EXERCISE PROMPT
Where does the string "einer" occur in the records below? Copy every line that holds it.

INPUT MATERIAL
---

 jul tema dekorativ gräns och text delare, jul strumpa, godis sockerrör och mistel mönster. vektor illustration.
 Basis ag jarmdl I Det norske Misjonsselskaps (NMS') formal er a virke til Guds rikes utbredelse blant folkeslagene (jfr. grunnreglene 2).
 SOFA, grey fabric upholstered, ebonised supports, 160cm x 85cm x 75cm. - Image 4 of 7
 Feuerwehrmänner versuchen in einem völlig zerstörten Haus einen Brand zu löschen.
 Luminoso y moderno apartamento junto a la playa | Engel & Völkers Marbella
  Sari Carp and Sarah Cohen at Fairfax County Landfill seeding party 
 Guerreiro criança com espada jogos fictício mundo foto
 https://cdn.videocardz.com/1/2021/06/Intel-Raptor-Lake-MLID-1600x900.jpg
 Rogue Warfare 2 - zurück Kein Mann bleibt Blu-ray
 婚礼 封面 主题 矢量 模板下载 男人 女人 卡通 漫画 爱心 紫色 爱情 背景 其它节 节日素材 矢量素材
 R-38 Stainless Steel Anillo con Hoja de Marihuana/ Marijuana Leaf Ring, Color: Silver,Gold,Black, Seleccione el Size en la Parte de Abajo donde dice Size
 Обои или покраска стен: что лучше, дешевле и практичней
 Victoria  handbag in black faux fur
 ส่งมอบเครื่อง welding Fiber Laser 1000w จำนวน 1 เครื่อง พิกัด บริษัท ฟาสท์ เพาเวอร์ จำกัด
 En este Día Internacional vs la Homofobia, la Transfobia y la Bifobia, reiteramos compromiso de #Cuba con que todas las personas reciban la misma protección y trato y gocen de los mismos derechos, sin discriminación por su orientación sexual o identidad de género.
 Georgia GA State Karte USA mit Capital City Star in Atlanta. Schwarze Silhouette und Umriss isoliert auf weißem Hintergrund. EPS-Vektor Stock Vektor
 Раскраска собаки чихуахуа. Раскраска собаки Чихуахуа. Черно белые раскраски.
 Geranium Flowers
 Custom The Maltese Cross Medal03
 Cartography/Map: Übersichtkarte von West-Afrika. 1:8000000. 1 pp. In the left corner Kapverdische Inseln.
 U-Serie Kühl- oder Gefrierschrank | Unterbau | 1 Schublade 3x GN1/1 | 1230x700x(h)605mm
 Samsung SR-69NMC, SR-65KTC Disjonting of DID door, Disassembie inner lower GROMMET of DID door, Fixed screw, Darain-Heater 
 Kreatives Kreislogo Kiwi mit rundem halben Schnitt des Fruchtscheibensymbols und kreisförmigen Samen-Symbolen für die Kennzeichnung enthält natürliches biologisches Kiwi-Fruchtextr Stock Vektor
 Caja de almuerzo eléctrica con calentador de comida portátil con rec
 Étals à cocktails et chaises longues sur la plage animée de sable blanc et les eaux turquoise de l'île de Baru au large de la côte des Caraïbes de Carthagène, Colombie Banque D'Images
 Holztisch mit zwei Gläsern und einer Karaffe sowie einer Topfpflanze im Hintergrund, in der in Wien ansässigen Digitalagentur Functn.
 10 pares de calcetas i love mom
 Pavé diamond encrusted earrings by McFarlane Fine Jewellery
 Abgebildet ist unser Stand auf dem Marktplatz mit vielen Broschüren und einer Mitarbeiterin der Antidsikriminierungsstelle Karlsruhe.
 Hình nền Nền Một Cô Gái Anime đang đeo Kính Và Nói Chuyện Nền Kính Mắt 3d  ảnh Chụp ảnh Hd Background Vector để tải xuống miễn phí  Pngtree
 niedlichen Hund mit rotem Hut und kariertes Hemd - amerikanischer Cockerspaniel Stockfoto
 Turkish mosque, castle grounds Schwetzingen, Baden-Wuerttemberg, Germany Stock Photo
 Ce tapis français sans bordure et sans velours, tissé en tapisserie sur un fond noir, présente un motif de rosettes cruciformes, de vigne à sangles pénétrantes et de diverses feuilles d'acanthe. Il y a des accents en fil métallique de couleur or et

---

WRITTEN ANSWER
 Holztisch mit zwei Gläsern und einer Karaffe sowie einer Topfpflanze im Hintergrund, in der in Wien ansässigen Digitalagentur Functn.
 Abgebildet ist unser Stand auf dem Marktplatz mit vielen Broschüren und einer Mitarbeiterin der Antidsikriminierungsstelle Karlsruhe.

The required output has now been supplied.